Above we talked about the shortcomings of vertical segmentation, but how can we solve the last point? At this time, we need to use horizontal segmentation.

horizontal partitioning

In fact, horizontal segmentation is more complex than vertical segmentation. It needs to split the data in a table into different databases according to specific rules. For example, let’s take a relatively simple example. The business data is still very large after the vertical segmentation of orders, so we can perform horizontal segmentation according to certain rules. For example, according to the odd or even number of order numbers, we can store odd numbered orders in database a and even numbered orders in database B. But the trouble is that we need to query data in different databases according to parity. Let’s take a look at the architecture of horizontal segmentation as follows:

Massive data segmentation, so it's done

When we split the data horizontally, we need to define the specific dimensions according to which to split the data. In the previous order, we mentioned to split the data according to the parity of the tail number. Let’s think about the problems? I am a user. I have placed two orders. One order number is odd, and the other is even. When we view our order records, we need to query the data of two orders in two different databases according to the user’s ID. we can imagine that this is quite troublesome.

Therefore, we need to combine specific business scenarios when we split horizontally.
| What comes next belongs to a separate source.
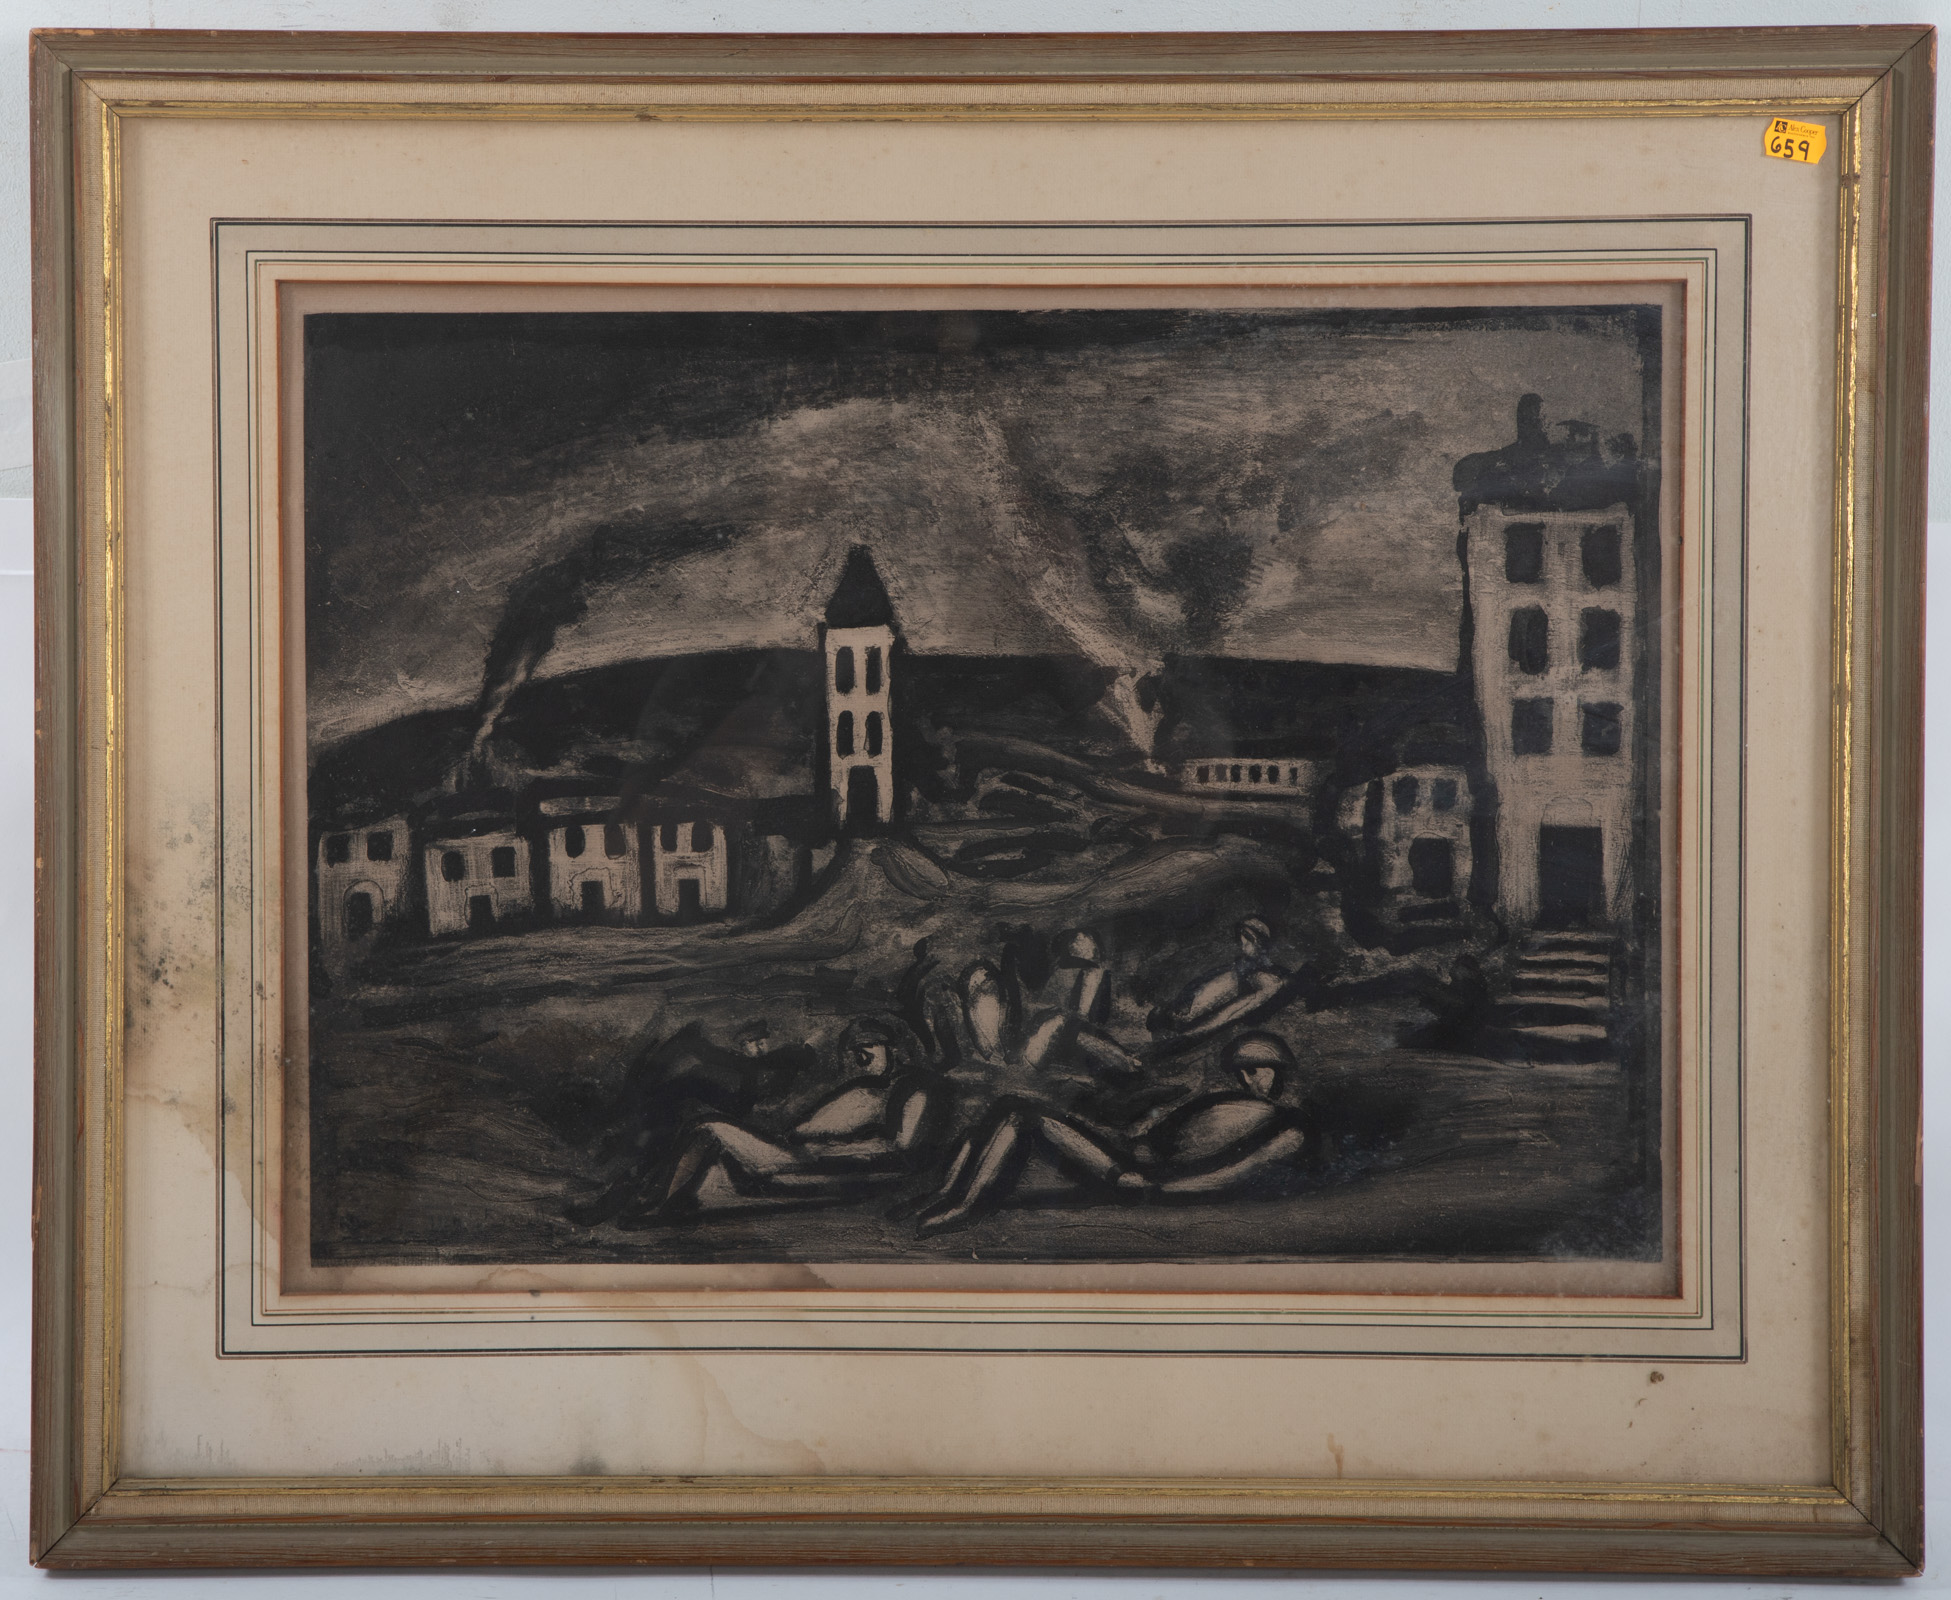 GEORGES ROUAULT. AQUATINT FROM

Is it OK if we dismantle it according to the user’s ID? In fact, it’s not necessarily. Let’s change our perspective. If we stand not in the position of users, but in the position of merchants. There will also be many orders in the merchant’s background. Merchants need to manage their own orders. When splitting orders, we use the user’s ID, which means that many merchants still need to query in different order tables when obtaining orders, and then aggregate them into an order table for merchants. At this time, it is obviously unreasonable for us to split orders with the user’s ID.

Let’s take a look at several ways to split the scene horizontally

  • The module method of user ID has been mentioned above.
  • Split data by date.
  • Split the data according to other fields.

The schematic diagram of the above user ID calculation method is as follows:

Massive data segmentation, so it's done

To sum up, let’s look at the advantages and disadvantages of horizontal segmentation,

advantage:

  • It solves the performance bottleneck of single database big data and high concurrency.
  • After encapsulation, the splitting rules are transparent to the application layer, and developers do not need to care about the splitting details.
  • The stability and load capacity of the system are improved.

Disadvantages:

  • Splitting rules are hard to define.
  • The problem of transaction consistency is difficult to solve.
  • In the second expansion (for example, when the module 3 is expanded to module 5, the historical data processing is changed from three databases to five databases), the data migration and maintenance are difficult.

Write at the end

In fact, there is no perfect thing in the world. There are both advantages and disadvantages. It’s the same with big data segmentation, whether it’s vertical or horizontal. These two methods solve the performance problems of massive data storage and access, but at the same time, they will produce many new problems. Common problems:

  • Distributed transaction problem.
  • Cross database connection query problem.
  • Management of multiple data sources.

In the last case, there are two ways to manage multi-source data

  1. Client mode: in each application module, configure the data source you need, and then access the database.
  2. Intermediate agent mode – the intermediate agent manages all data sources uniformly, the database layer is transparent to developers, and developers do not need to pay attention to the details of splitting.

According to the above two models, there are mature third-party software in the market. MYCAT (intermediate agent mode) and sharding JDBC (client mode).

Due to the limitation of space, follow-up laomao will give a detailed example of the actual implementation of these two kinds of software.